►

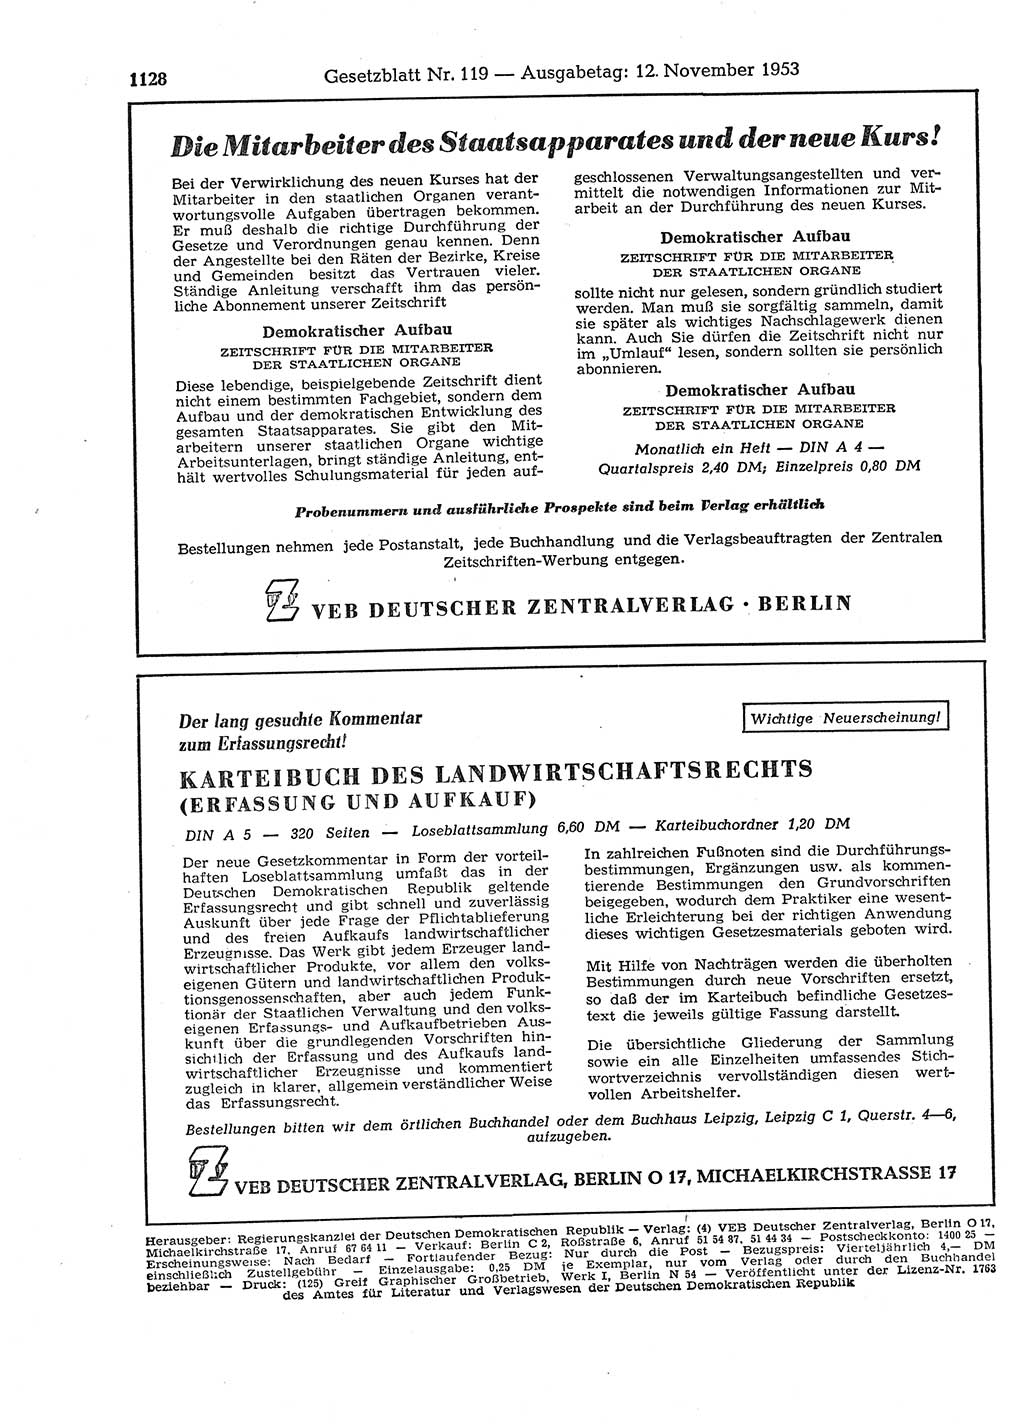 Gesetzblatt (GBl.) der Deutschen Demokratischen Republik (DDR) 1953, Seite 1128 (GBl. DDR 1953, S. 1128)
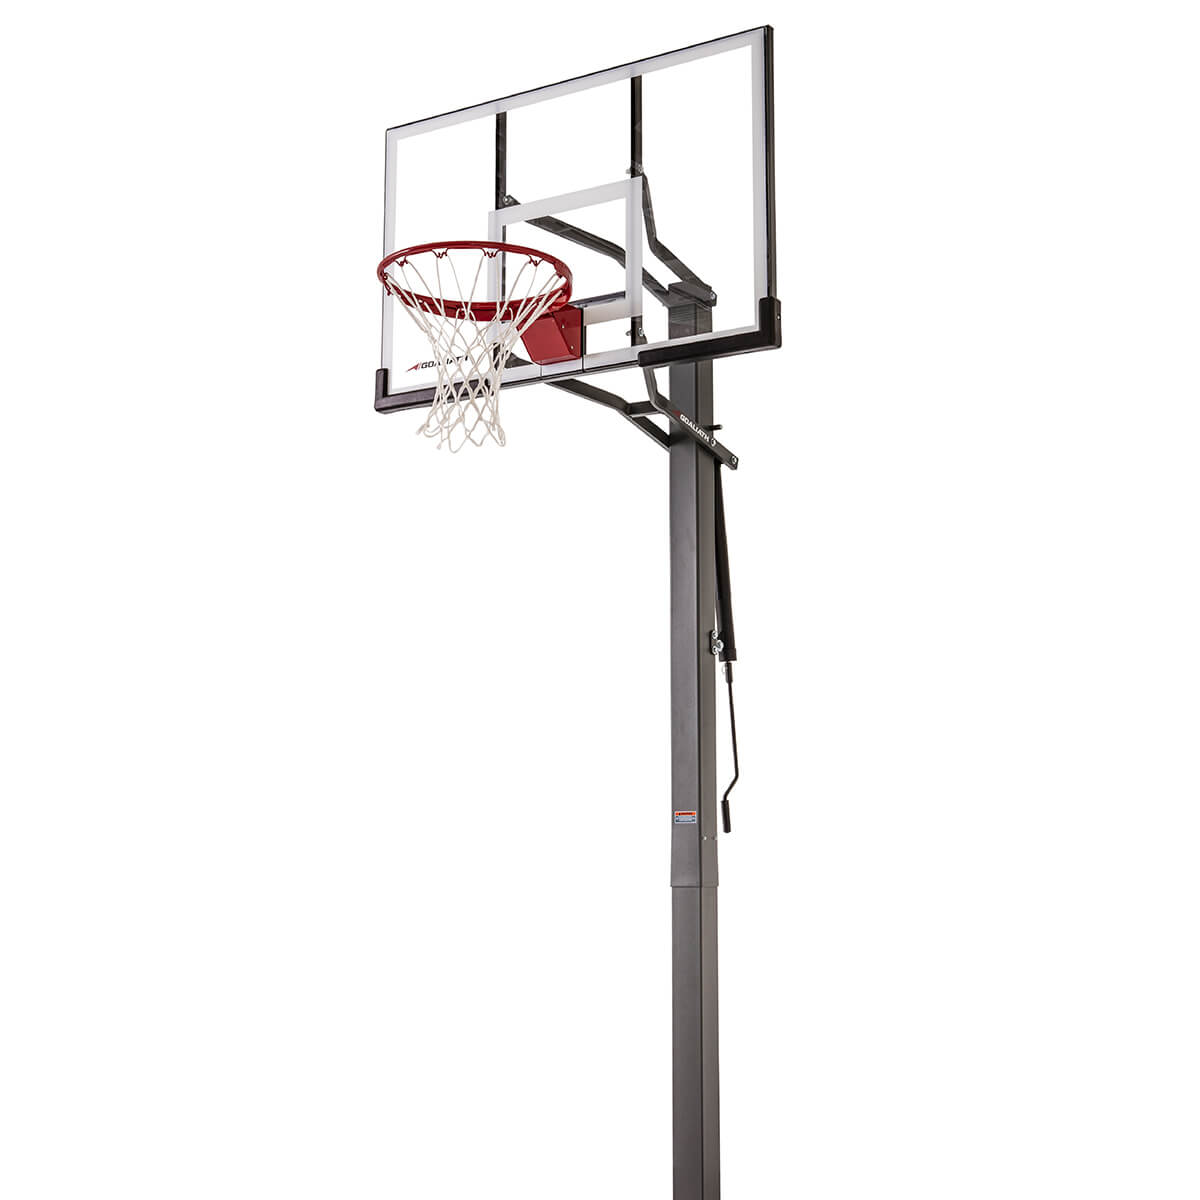 Goaliath GB50 kaufen InGround Basketballanlage online
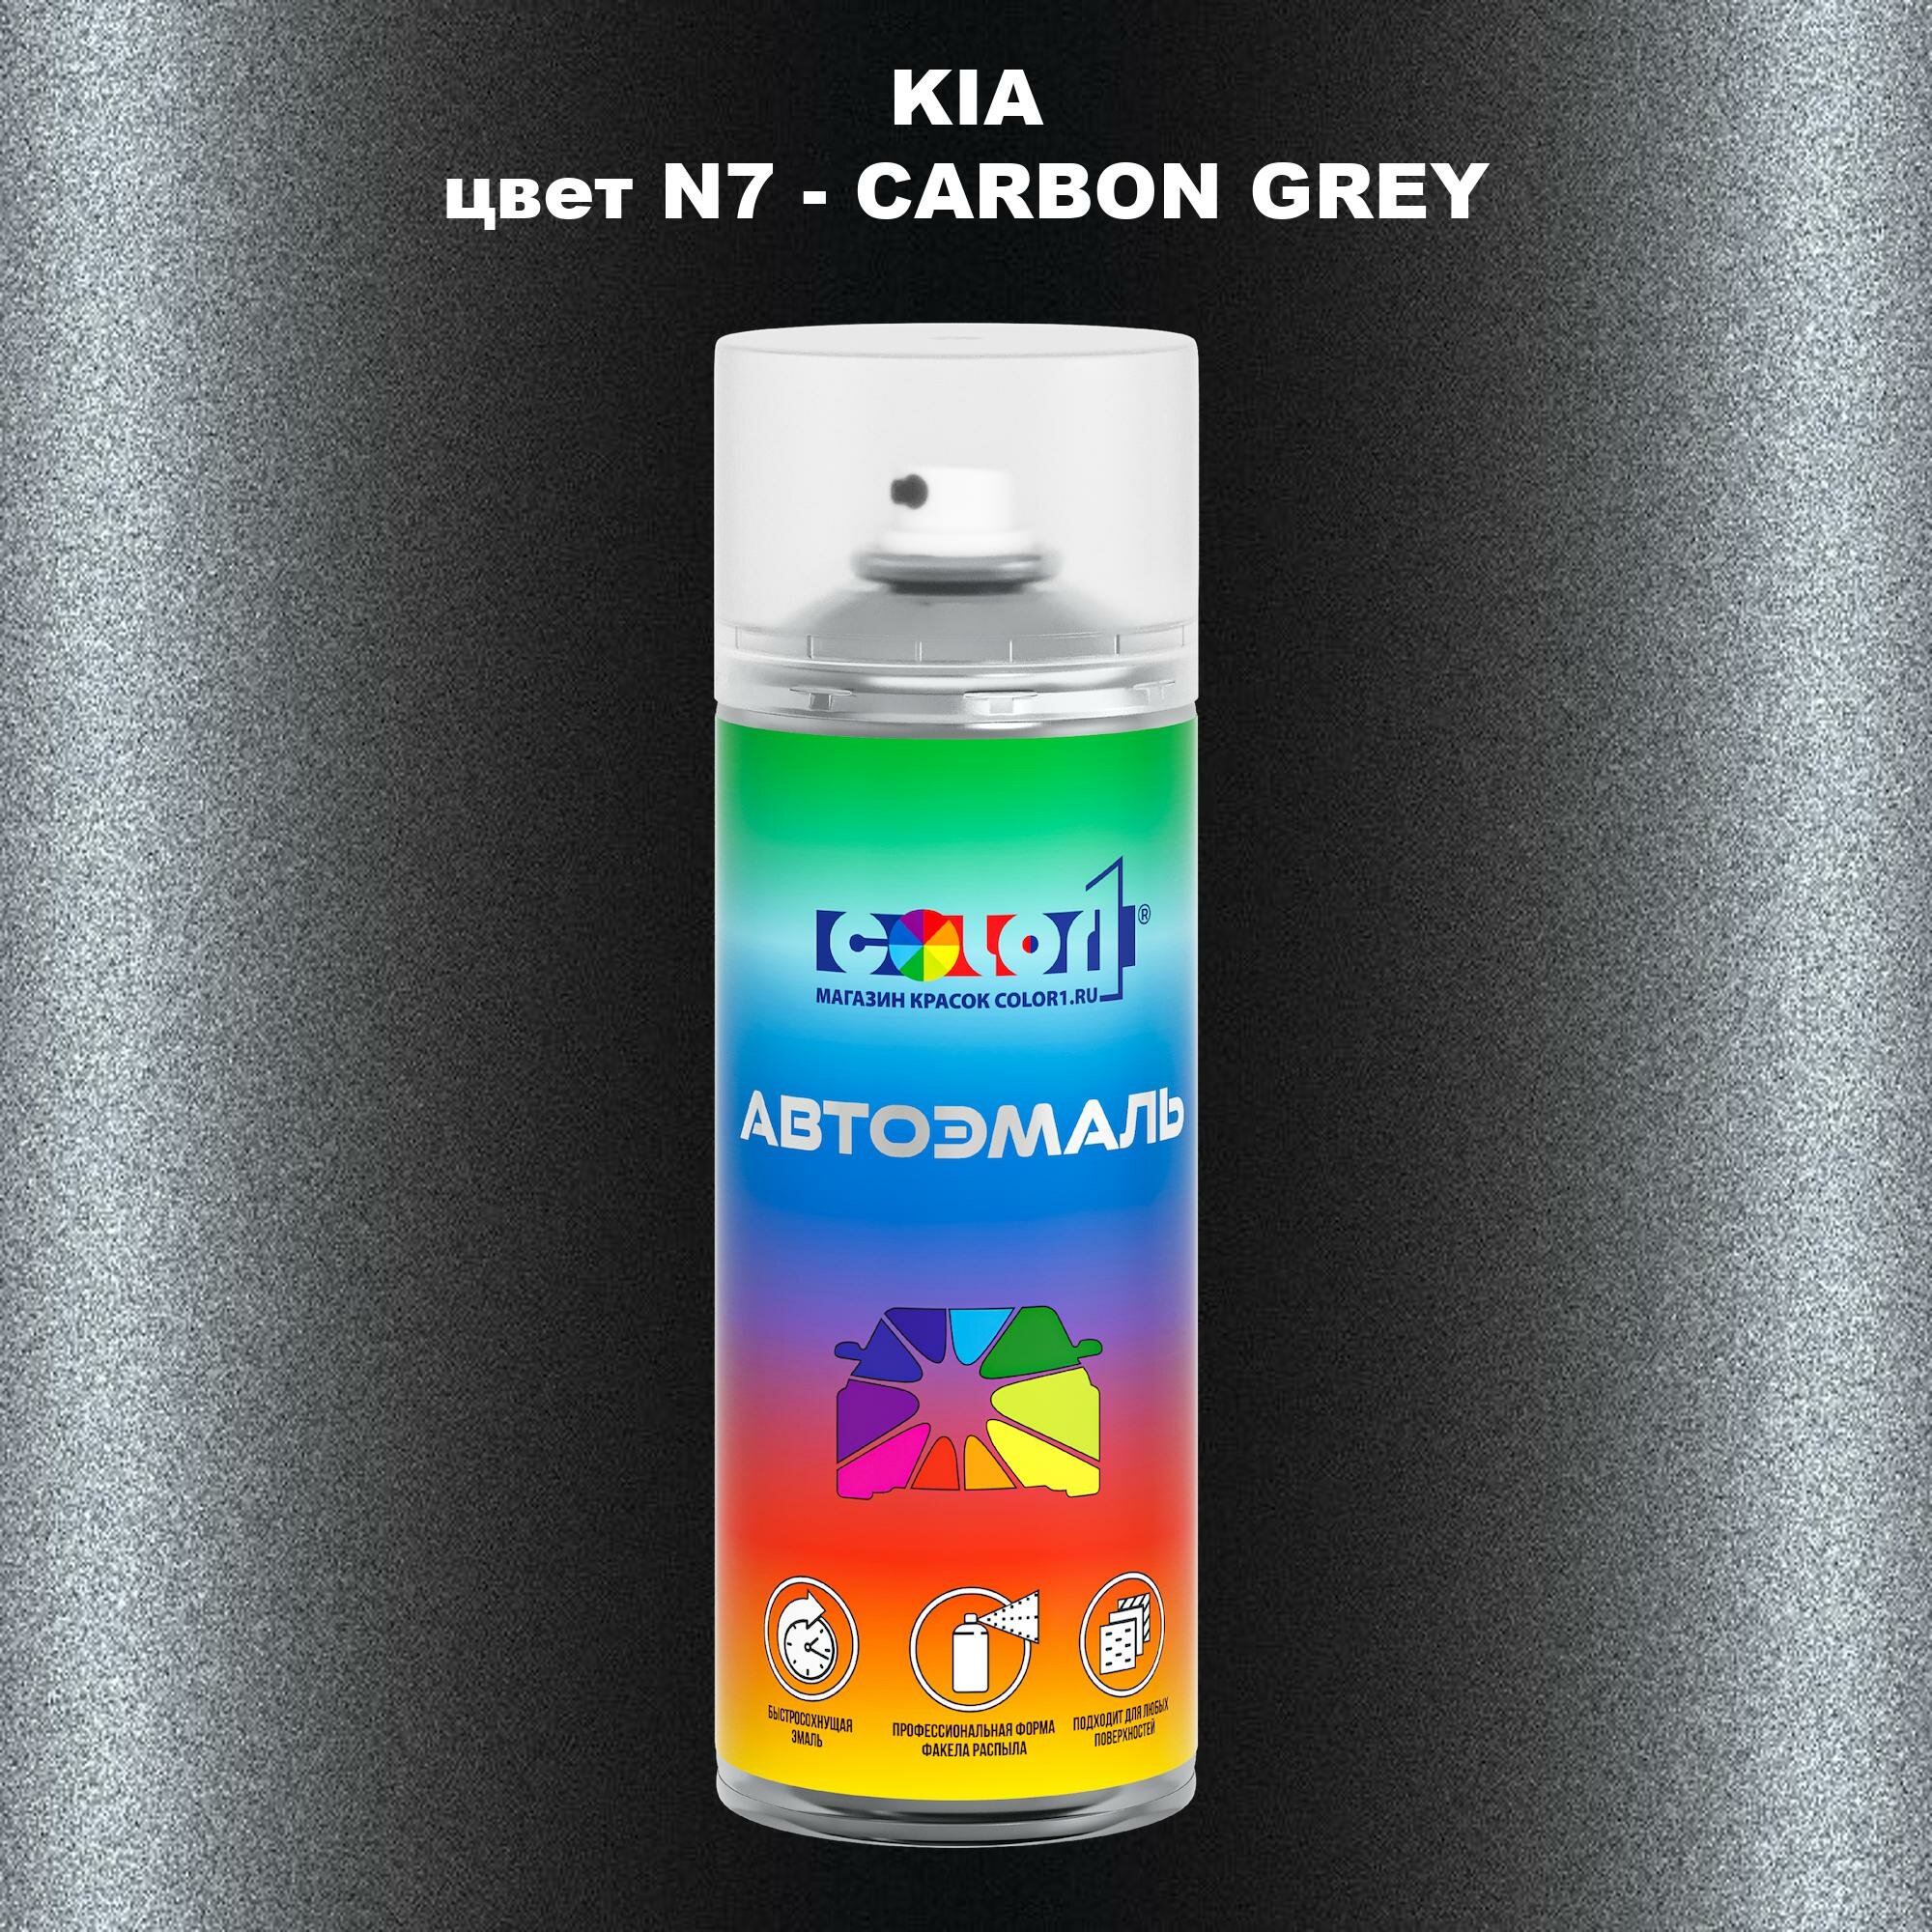 Аэрозольная краска COLOR1 для KIA, цвет N7 - CARBON GREY

◄

→ **WHAT NEEDS TO BE DONE**
Retype all of the material above exactly; the pictures stay out.

→ **PROBLEM SOLUTION**
 Gesetzblatt (GBl.) der Deutschen Demokratischen Republik (DDR) 1953, Seite 1128 (GBl. DDR 1953, S. 1128)
 Goaliath GB50 kaufen InGround Basketballanlage online
 Аэрозольная краска COLOR1 для KIA, цвет N7 - CARBON GREY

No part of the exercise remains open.